Indexes are send after a scan. There is an integer that is ever incremented as items are added to the index (or modified), there is a separate routine that subscribes to LocalIndexUpdated events (same even that is dispatched by the events API) and routinely checks that number and send entries that are newer than the number that was previously sent.

Best version is determined using vector clocks. There is plenty of information explaining how these work, but we essentially pick the clock with the highest increment since we’ve last observed it.

Concurrent clock increments cause conflicts.

If it’s a tie (I incremented my clock by one, you did too), the decision which wins is visible here: https://github.com/syncthing/syncthing/blob/master/lib/protocol/bep_extensions.go#L129

cwg · May 22, 2019, 7:49am

Thanks! What remains unclear to me is how the indices are sent around. Say that there’s a chain of three peers like this:

A-B-C

Does everybody (at least after some time of communication) have a copy of everybody else’s index? Or only of the immediate neighbors? Or perhaps from A's point of view it’s indistinguishable (and does not matter) whether it’s B or C that actually has the best version (because what matters for A is that the file can be requested from B)?

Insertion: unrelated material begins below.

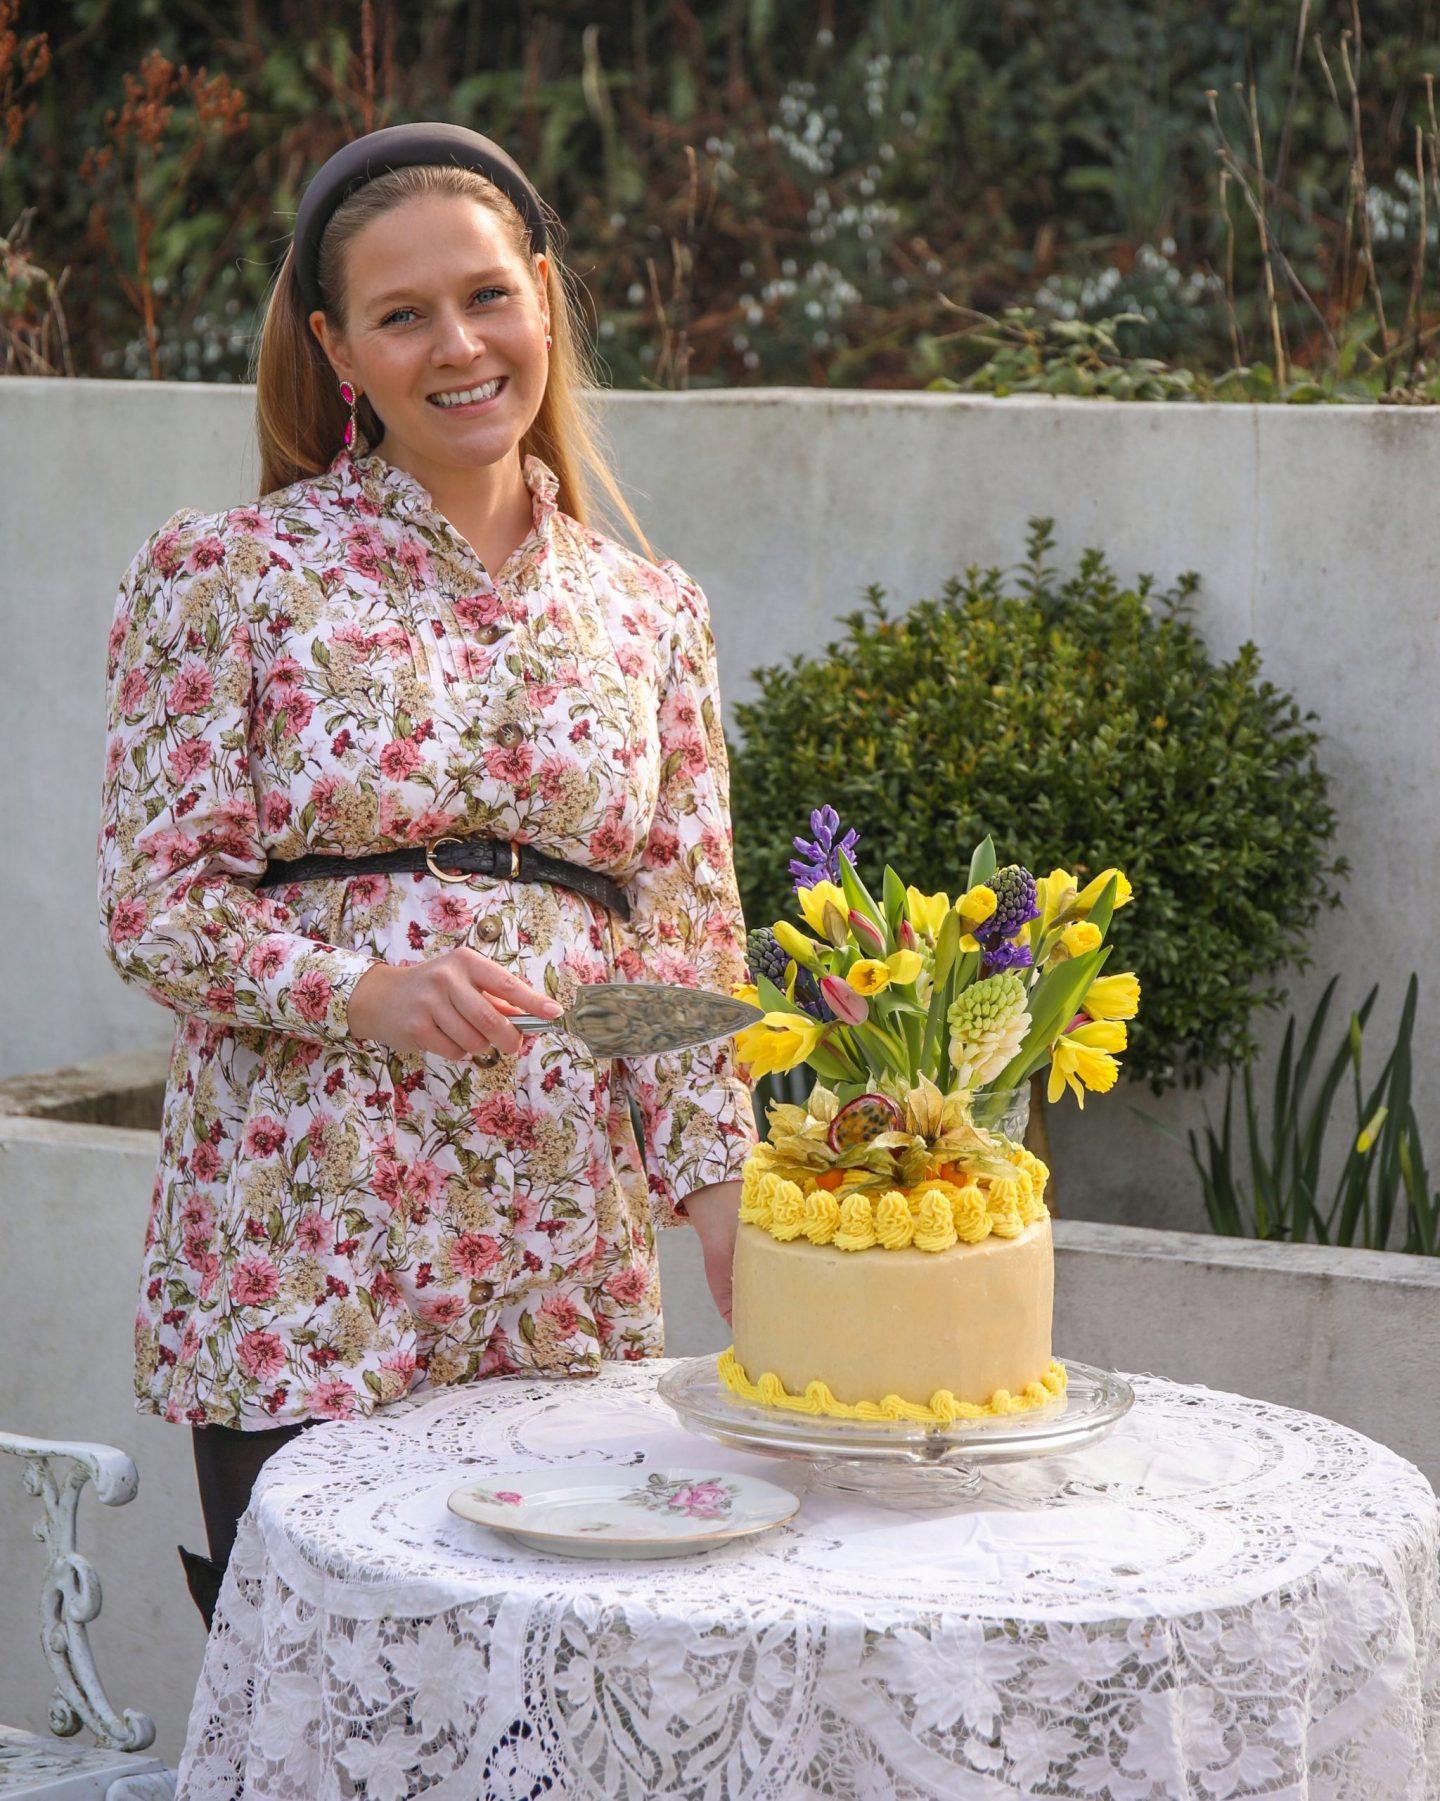 Chocolate and Passion Fruit Four Tier Celebration Cake, Katie Heath KALANCHOE

Say that some file is first changed on B and later on C, but no transfer of the file contents has started yet (perhaps because other files are being transferred). Now the connection between B and C fails. Will A patiently wait until C is back before requesting the file (does it even know about C?), or will it already get the “best available” version from B?

AudriusButkevicius · May 22, 2019, 11:14am

A maintains a global index of what every it can see has.

So Cs change would be sent to B first and appear in Bs global index, but global indexes are not forwarded, just local ones. So B would forward Cs entry to A once B has downloaded that item, updated it’s local index with the new version.

A has no awareness of C if it’s not linked to it.

cwg · May 22, 2019, 11:33am

OK, I see. So every node is only aware of its immediate neighbors and requests the best version of a file that it can see among them. This makes sense and seems indeed better than continuously running a pair-wise synchronizer (like Unison) for each link.

Thanks, I now finally have a rather clear mental model of how Syncthing works! I still suggest to at least add a paragraph somewhere in the documentation that explains the above.